Wednesday, January 23, 2008

Fire In The Theatre (of Crowded Trades)

Such a funny old day in the USA. It would seem its the day that, if you find yourself in the crowded traded, you are kicking yourself for NOT taking some of the chips off of the table. Homebuilders are UP. REITs are UP! Banks, IBs, Regionals, all are UP! Highly Leveraged Mortgage REITs are UP. If I asked YOU any day EXCEPT today, you'd (or the Average Hedge Fund Manager) would have called these things detritus, or worse. Short Interest reflects this widely held (perhaps too widely-held view.

At the same time, the average Hedge Fund Manager's favorite (and perhaps too-favorite) trades are, to put it mildly, suffering from the effects of an episode of "GET ME OTTA HERE, NOW!". This is true of Oil, Oil services, especially true of Mining (RIO, CLF, FCX) buggeringly the case for speculative glamourous thematically popular high momentum growth stocks (AAPL, FSLR, DECK, GOOG) catastrophically true of agricultural-related things like Fertilizer or ag supply-related stuff (POT, AGU, LNN), all which have been the most loved (and humped) amongst the best and the brightest managers in 2007, and which accounted for most of the alpha (and performance fees which they will get to keep) earned in respect of 2007.

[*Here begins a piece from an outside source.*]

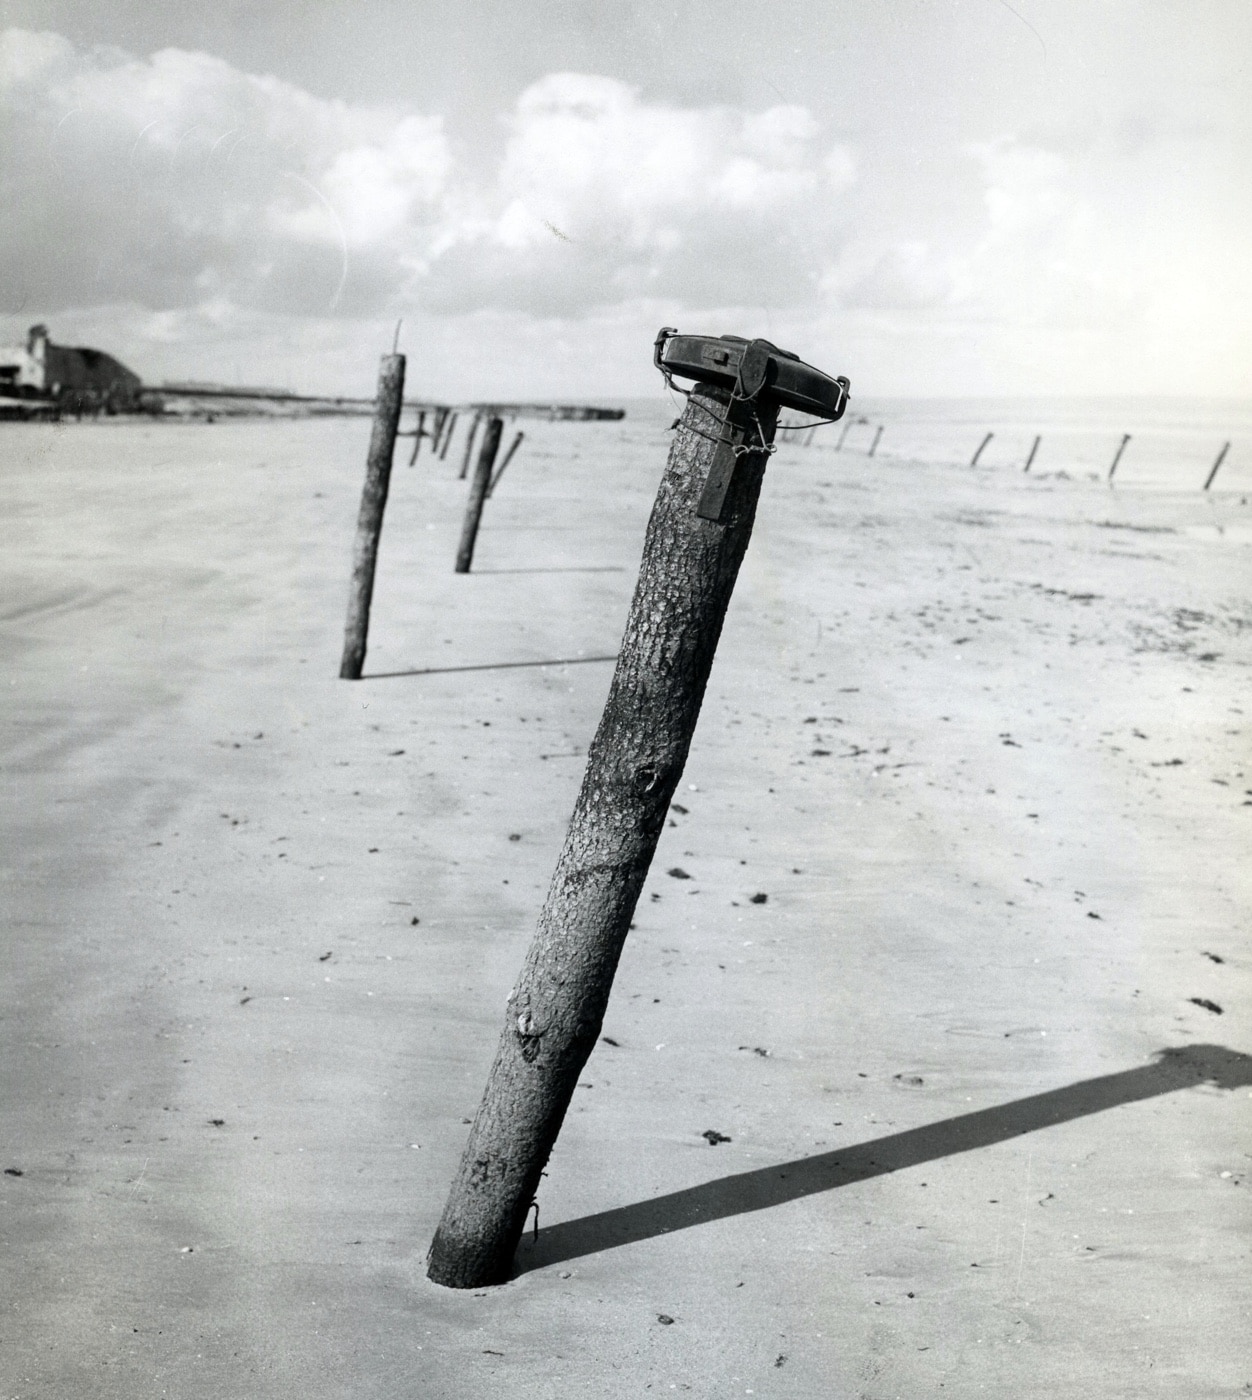 Here we see a Teller Mine attached to a wooden pole on Utah Beach. The mines were generally called Teller Mines while the German names were model specific such as Tellermine 42 or Tellermine 43.

Something has triggered the reaction - be it a forced liqudiation, an intentional unwinding, a near-instantaneous mass-change of opinion amongst the best and broghtest of the long versus short equity community, but whatever it is, it appears quasi-systematic in nature, and as suggested in Japan a few days ago, is focused upon position reversal, evidenced by the tell-tales of the volume pick-ups and relative price-action on the presumed short-side of the Street's trades. Put this together with the reversal in the leveraged speculations in other assets - oil, both precious & base metals, and the ag complex, and one might surmise that it is the forces of de-leveraging in action, be they forced or voluntary, opportunistic, or self-preservationary (a new term I've just coined).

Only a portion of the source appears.